CLO managers concerned about the uncertain regulatory landscape applicable to vehicles relying on Section 3(c)(7) should consider whether the limitations imposed by Rule 3a-7 are an acceptable tradeoff for the greater regulatory certainty that 3a-7 CLOs have benefitted from. In particular, managers that do not anticipate trading to recognize changes in market value (for example, managers of static CLOs, CLOs intended to obtain better leverage for an existing portfolio, or CLOs concentrated in loans that do not trade widely) may find that the benefits of Rule 3a-7 outweigh its limitations.

Contributors

*The authors would like to thank David P. Bartels, Michael W. McGrath, and Matthew E. Barsamian for their contributions to this OnPoint.

Footnotes

1. 12 U.S.C. § 1851 et seq. (2018), codified at 12 C.F.R. § 248. The implementing regulations define a “covered fund” to include “An issuer that would be an investment company, as defined in the Investment Company Act of 1940, but for section 3(c)(1) or 3(c)(7) of that Act.” 12 C.F.R. § 248.10(b)(1)(i) (citations omitted). The implementing regulations specifically exclude from the definition of “covered fund” any issuer “[t]hat may rely on an exclusion or exemption from the definition of “investment company” under the Investment Company Act of 1940 other than the exclusions contained in section 3(c)(1) and 3(c)(7) of that Act.” Id. at 248.10(c)(12)(ii) (citations omitted).
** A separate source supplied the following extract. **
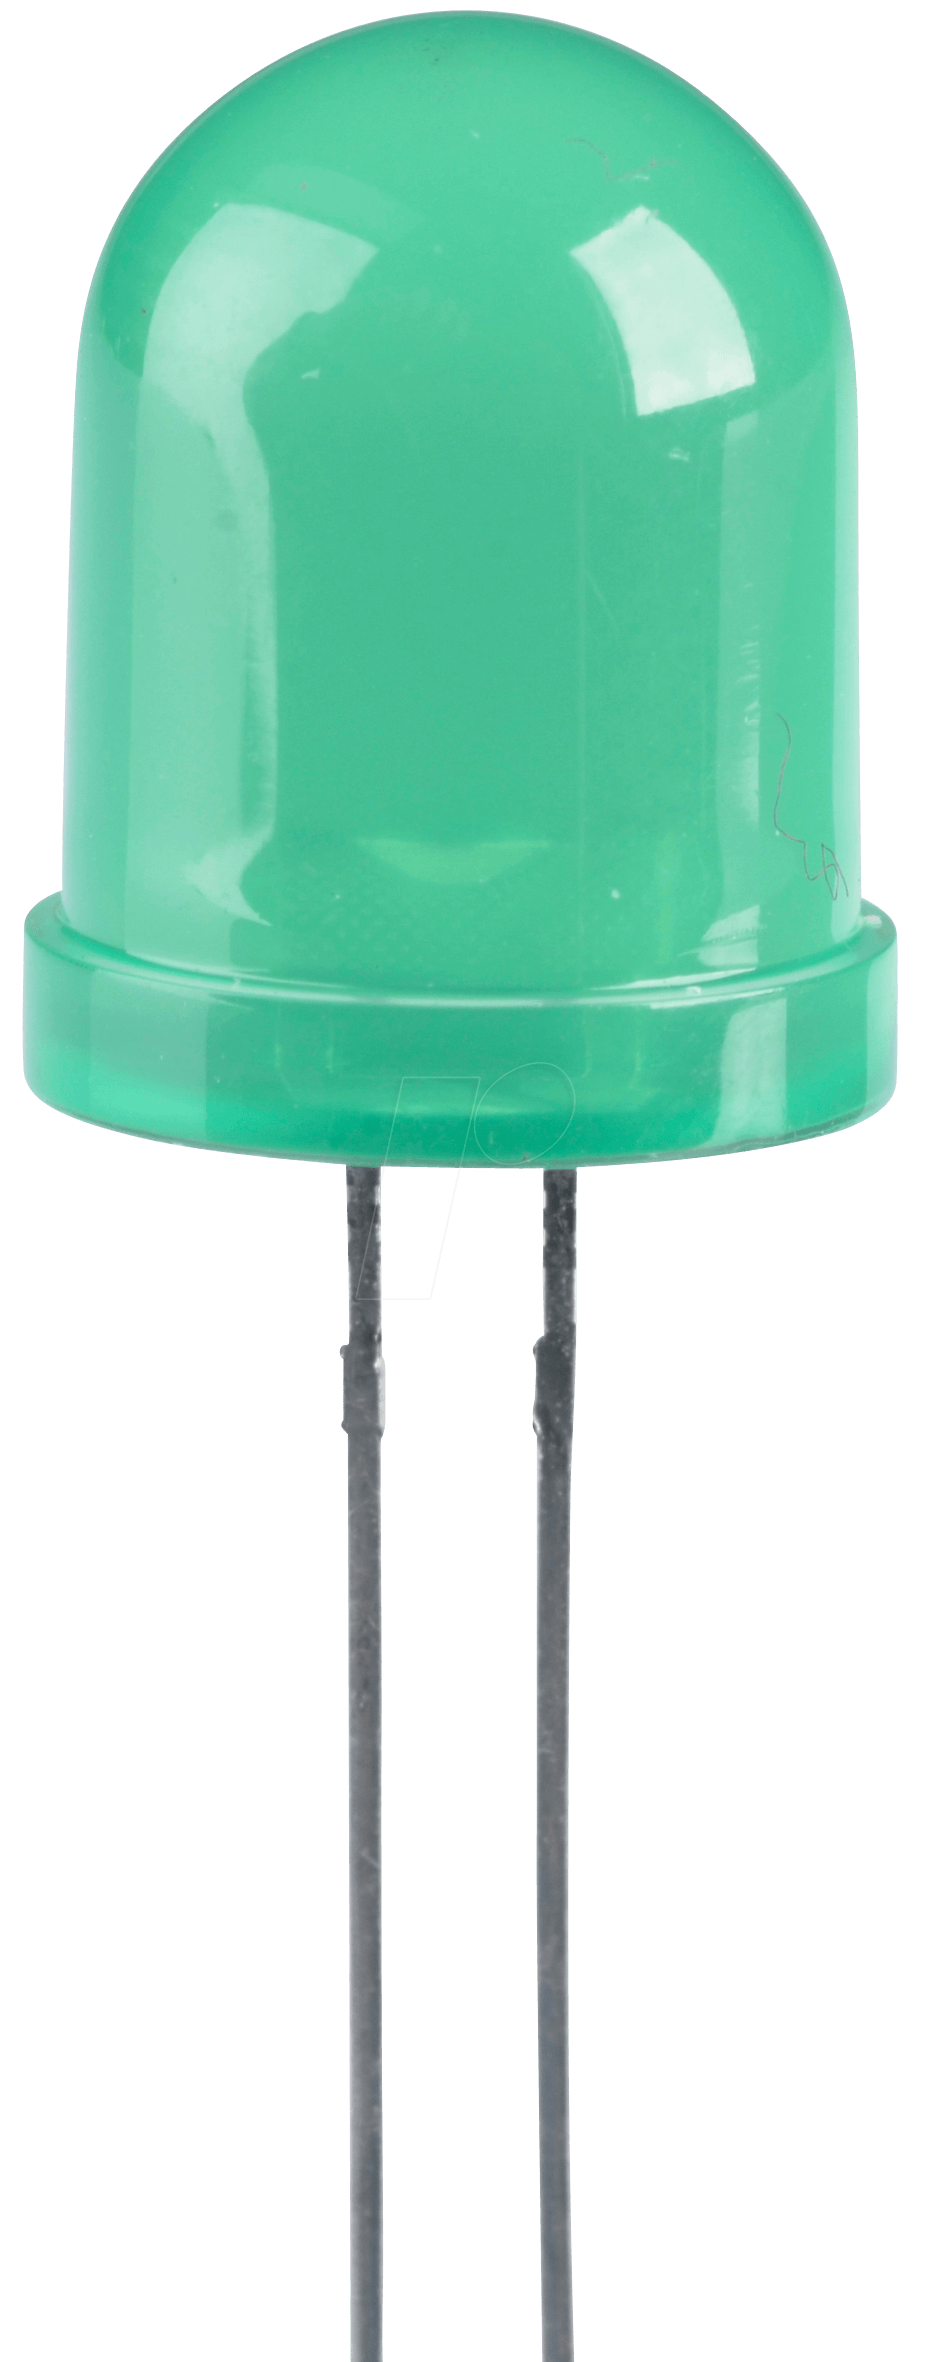 LED 10MM GN - LED, 10 mm, bedrahtet, grün, 60 mcd, 60°

2. 17 C.F.R. § 275.206(4)–1. The Marketing Rule covers, in relevant part, communications between an investment adviser and “prospective clients or investors in a private fund,” id. at 275.206(4)-1(e)(1)(i), where a “private fund” “means an issuer that would be an investment company, . . . but for section 3(c)(1) or 3(c)(7) of [the ’40] Act.” 15 U.S.C. §80b-2(a)(29) (2010).

3. Private Fund Advisers; Documentation of Registered Investment Adviser Compliance Reviews, 88 Fed. Reg. 63,206 (Sept. 14, 2023) (to be codified at 17 C.F.R. 275) (the “Private Funds Rules”).

4. For a helpful summary of the Private Funds Rules, see The SEC’s Private Fund Adviser Rules: Exploring the Critical Questions, Dechert LLP (October 12, 2023).

5. Exclusion From the Definition of Investment Company for Structured Financings, 57 Fed. Reg. 56,248 (Nov. 27, 1992) at 56,254 (the “Adopting Release”).

6. Id. at 56,250 n.18.

7. The referenced clauses of the definition of “Accredited Investor,” 17 CFR § 230.501(a), include banks, broker dealers, investment advisers, insurance companies, investment companies and other specific categories of entity investors; as well as corporations, trusts, partnerships, 501(c)(3) charitable organizations and LLCs not formed for the purpose of making the particular investment and with more than $5,000,000 of assets; but not certain categories of individuals, directors, officers, etc.

DISCLAIMER: Because of the generality of this update, the information provided herein may not be applicable in all situations and should not be acted upon without specific legal advice based on particular situations.